So, I mentioned I was playing with Ophcrack. That has been fun. I've just been trying setting different passwords on my laptop to see what was crackable and how long it took. This was running on my Compaq 700 series, which is a relatively low-powered little machine. It is only an AMD Duron 1Ghz with 256 Meg of RAM, but it works for me. Thanks Dobie. I'm sure that this process would run considerably faster on a newer machine. Anyway, Ophcrack (from the Wikipedia) "...is an open source program that cracks Windows LM hashes using rainbow tables. It can crack 99.9% of alphanumeric passwords of up to 14 characters in usually a few seconds, and at most a few minutes." I didn't know that stuff, so I tried some longer passwords in my experiments. By the way, Rainbow tables are interesting but complex; read up on them if you're interested.
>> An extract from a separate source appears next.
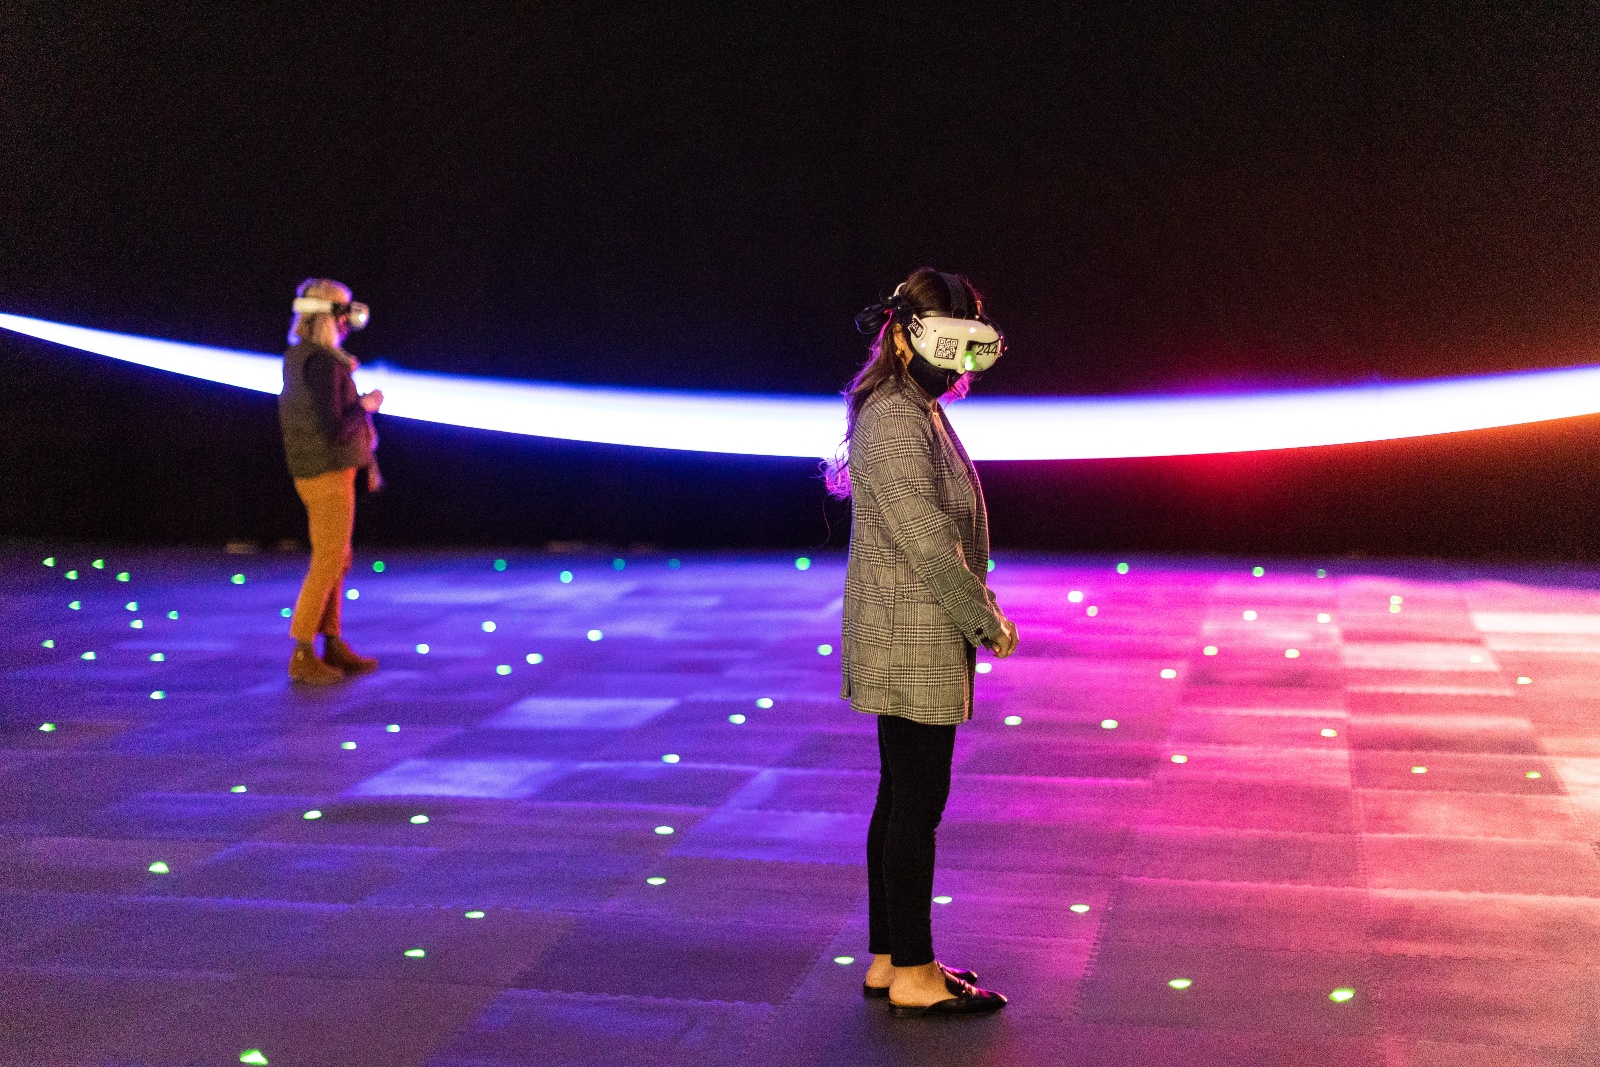 People wearing headsets stand on a purple gradient floor against a dark background with a white crescent across it.

I have a nice table, and (for god only knows what reason) Blogger won't display it right, so here it is in a separate window.
To use this tool, you have to have a computer that boots off the CD that you have in hand. If the computer doesn't boot from the CD (you have to just try it and see if it does or not) then you have to change the CMOS setting for boot order. Smart techs set their computers not to boot from CDs and set a CMOS password, but I'd be interested in seeing how many unprotected computers I could boot in the real world and have success with this. If you have easy access to a machine and time, but not the CMOS password, you can pull the CMOS jumper to clear it. By clearing that password, you gain access to the CMOS settings and change the boot order. If it isn't password protected, you just have to know what F-key to press to get in. Anyway, if you can get the computer to boot the CD, you just sit back and wait. If the password is short and easy (and let's be honest: most people use their dog's name or something) you'll have it in no time without any traces. I guess if you were a smart Orenthal James Hacker you'd wear gloves so as not to leave fingerprints. hehe.
So, the long and short is that hacking passwords is easy if several circumstances go your way. If the machine is CMOS password protected and cabled to the desk and doesn't boot off CD, you're outta luck. Then you have to social engineer the password out of the user, but that's probably illegal, so it would be inadvisable.